Understanding and anticipating the impact of AI-based offensive tools in the field of cybersecurity

Table of Contents

At Yogosha, Offensive Security Platform, we questioned what AI applied to offensive security truly means. We therefore decided to explore the subject to try to answer several key questions:

What do the concepts we regularly see encompass: LLM, Agent, Agentic AI, Context window, MCP, Token, ReAct, etc.?
What could the future of offensive security look like, as more and more players offer AI-based tools (Xbow, CAI, and others)?
How can an agentic offensive tool be built?

In order to explore these questions, we developed —modestly— a Proof of Concept (PoC) of an automated offensive tool based on an agentic approach, where the AI no longer simply responds to instructions, but takes decisions, acts autonomously, and adapts its behavior according to what is happening.

Transposing hacker methodology into agent workflows

Rather than inventing a new paradigm, we started from a simple observation: a hacker almost always follows the same cycle:

Reconnaissance → Analysis → Attack → Analysis → Reporting → Iteration

Our PoC therefore aims to formalize this human reasoning in the form of specialized agents, capable of collaborating within the same system.

Objectives and scope of the Proof of Concept

The PoC must meet four clear functional objectives :

Retrieve a security program (Bug Bounty, Pentest, VDP): A security program allows an organization to define targets to be audited — corresponding to a perimeter of its assets — by ethical hackers, within a legal framework, in order to identify vulnerabilities.
Perform a reconnaissance phase on the program’s target to identify attack surfaces and potential weaknesses.
Perform an attack phase on the program’s target to detect potential vulnerabilities.
Report vulnerabilities to a Yogosha security program.

Assumed Constraints:

Target : Web Assets only.
Vulnerabilities: A reduced scope.
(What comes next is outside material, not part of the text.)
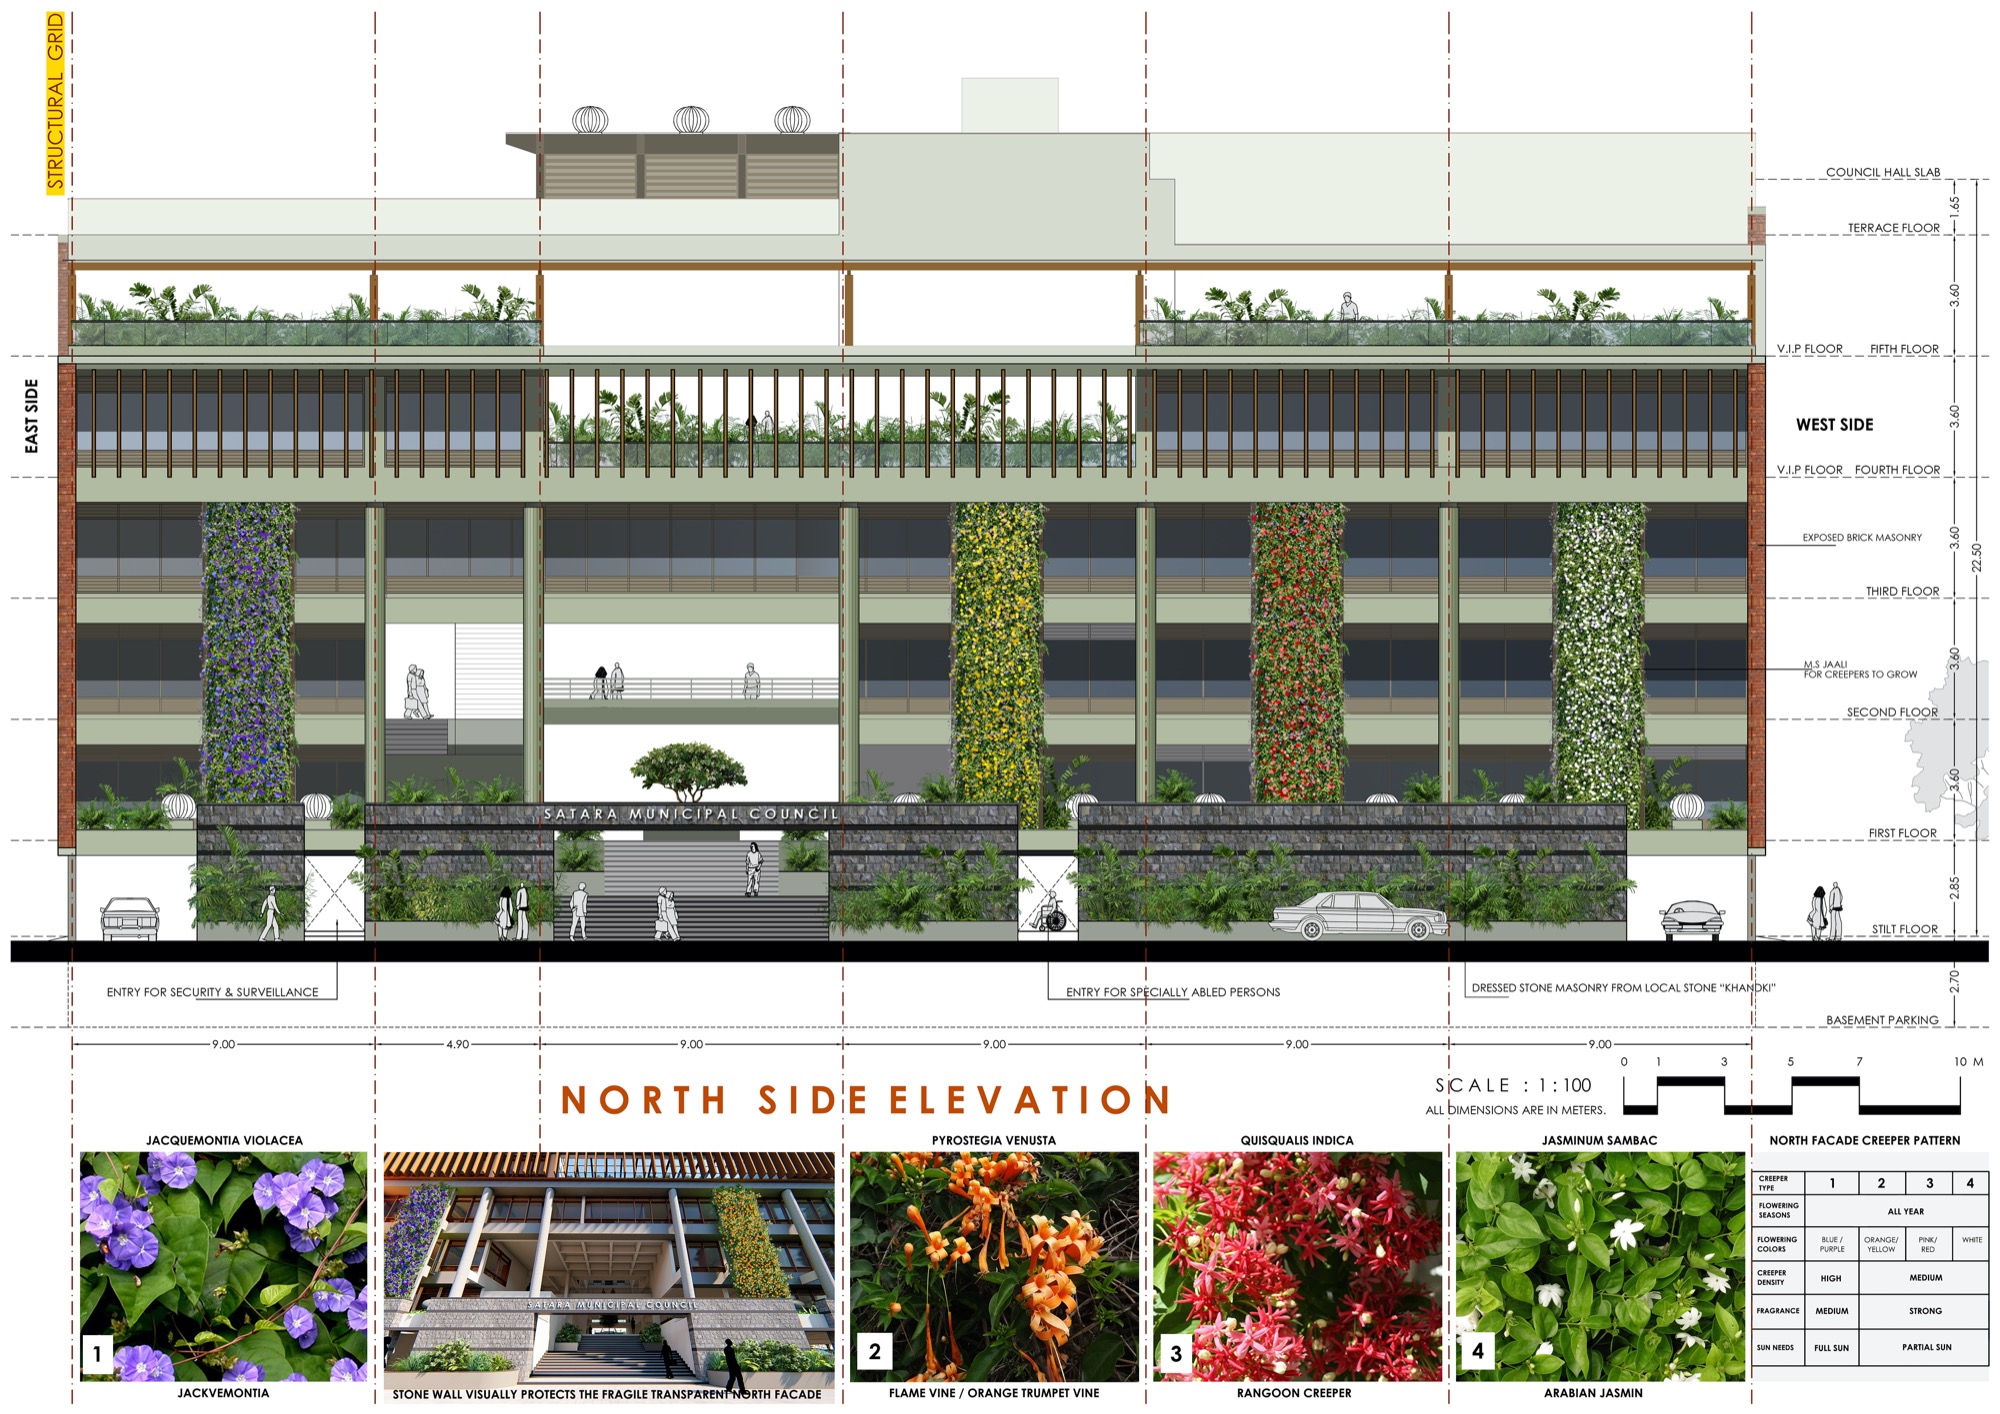 Satara Municipal Corporation, Competition Entry by KENARCH Architects, Pune 56

As this is a PoC, the goal is not to cover everything, but to focus on a few types of vulnerabilities to understand the complexity of the subject (Broken Access Control, Stored XSS, Server-Side Vulnerability, Sensitive data exposure, Security misconfigurations).
Rate limiting is not taken into account for this PoC, as it is conducted on targets previously identified as load-tolerant.
The offensive tool takes the form of an entirely automated workflow, requiring no human intervention, except for target validation.
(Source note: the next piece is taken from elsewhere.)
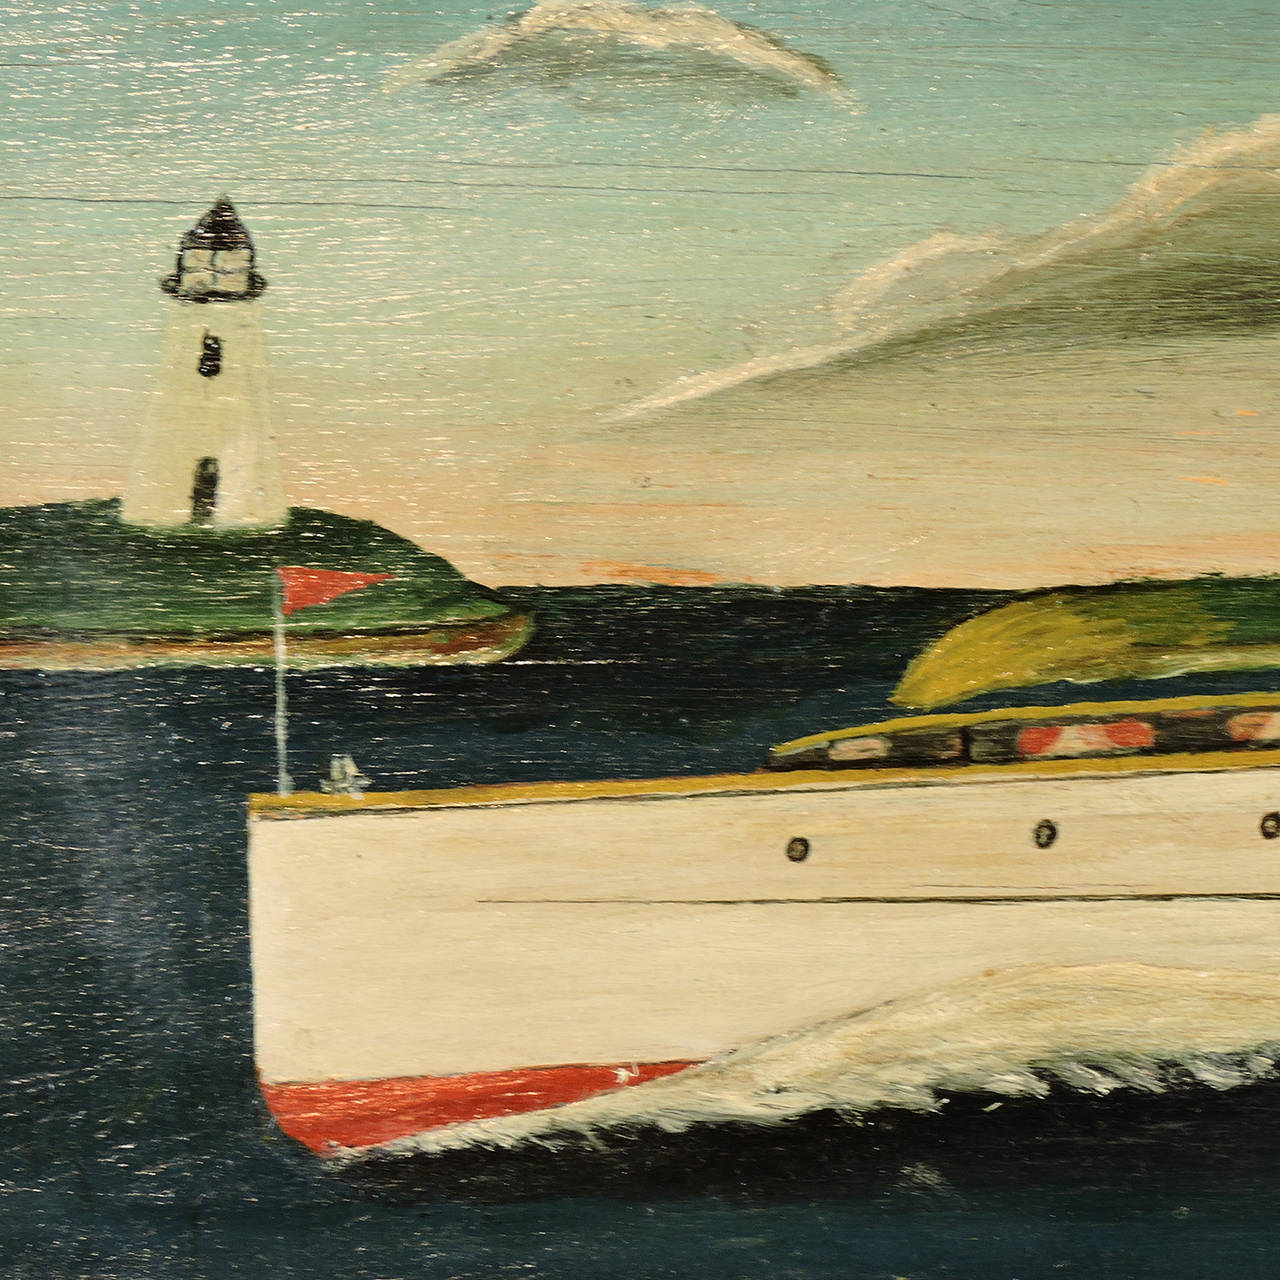 American Folk Art Painting of a Boat Speeding by a Lighthouse In Good Condition For Sale In Concord, MA

Architecture of an agent-driven offensive tool

The architecture of our offensive project relies on an agentic approach, in which each agent is specialized in a specific task and operates within a dedicated team.

The system is divided into three teams of agents :

Reconnaissance Team → Target mapping (network, endpoints, technologies, functional mapping).
Attack Team → Detection and validation of vulnerabilities (see list of covered vulnerabilities).
Reporting Team → Generation and publication of the security report.
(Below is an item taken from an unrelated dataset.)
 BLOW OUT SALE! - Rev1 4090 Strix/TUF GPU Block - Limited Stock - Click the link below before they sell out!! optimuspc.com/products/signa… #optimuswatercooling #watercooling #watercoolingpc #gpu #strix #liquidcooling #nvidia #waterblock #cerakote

Exposing offensive capabilities to agents

Transforming offensive reasoning into concrete actions requires connecting LLMs to reliable technical tools.

This section presents the AI stack and the architecture implemented to expose offensive capabilities via dedicated MCP servers, with strong guarantees of isolation, control, and security.

AI Layer

The AI layer is deployed internally and connected to our VLLM. It exposes an API that agents use to send their prompts and receive responses, while keeping data and processing entirely confined to our infrastructure.

Tools

Before exposing the various tools, it is necessary to briefly introduce the concept of MCP (Model Context Protocol).

MCP is an open-source standard that allows AI applications (and therefore LLMs) to connect to external systems.

*source :* https://modelcontextprotocol.io/docs/getting-started/intro

An MCP server therefore exposes Tools that can be called by LLMs. These tools allow for interaction with external systems (querying databases, performing product actions, etc.).

Yogosha Application (via MCP Server): Exposes the main functionalities of the Yogosha application so that LLMs can use them directly (report creation, security program retrieval, etc.).

Offensif tools (via Serveur MCP): We have implemented a dedicated Offensive MCP server, designed to expose a set of tools that LLMs can invoke directly, without weighing down the main framework.

This architecture offers several advantages :

Scalability: simple addition of new offensive tools without modifying the core of the system.
Isolation & encapsulation: each offensive tool is exposed via a dedicated MCP tool, offering enhanced control.
Traceability & governance: encapsulation allows for better auditing of the use of these sensitive tools, which is essential when they are made available to an LLM.

Offensive tools

The server is a standalone PHP CLI binary, built with the php-mcp/server libraries and the symfony/process component.

The exposed Tools are the following :

Ffuf to discover the target’s endpoints.
Specific web wordlists from SecLists
Nmap to identify exposed services.
Nuclei to detect custom vulnerabilities.
Web application detector to detect technologies.

Web Explorer (via MCP Server)

The Web Explorer MCP server exposes Playwright, a browser automation tool, allowing the LLM to control a web application in order to perform reconnaissance, functional mapping, and the validation of flaws requiring real interaction with the application.

Custom Tools:

HTTP Request Tool — Allows for sending fully customized requests (method, path, headers, request body) in order to explore application behavior and test offensive payloads.
Web Extraction Tool — Automates the collection of web content to facilitate reconnaissance, application mapping, and the retrieval of relevant information.

Offensive iterations: the agent progression engine

How can an agentic offensive tool be evolved to actually detect vulnerabilities? By iterating — but not blindly.

In its design phase, an offensive pipeline fails in the majority of cases: misunderstood attack surface, erroneous hypotheses, unsuitable exploitation, misuse of tools, false positives, lack of a tool, etc.

These failures are not errors to be hidden, but signals to be exploited.

The core of the system relies on the repetition of an offensive loop guided by failure :

Reconnaissance → Attack → Critical analysis of results → Targeted adjustment of reasoning, tools, or hypotheses → New iteration.

Each iteration does not restart from scratch: it builds on the information acquired to reduce the uncertainty and refine the offensive strategy.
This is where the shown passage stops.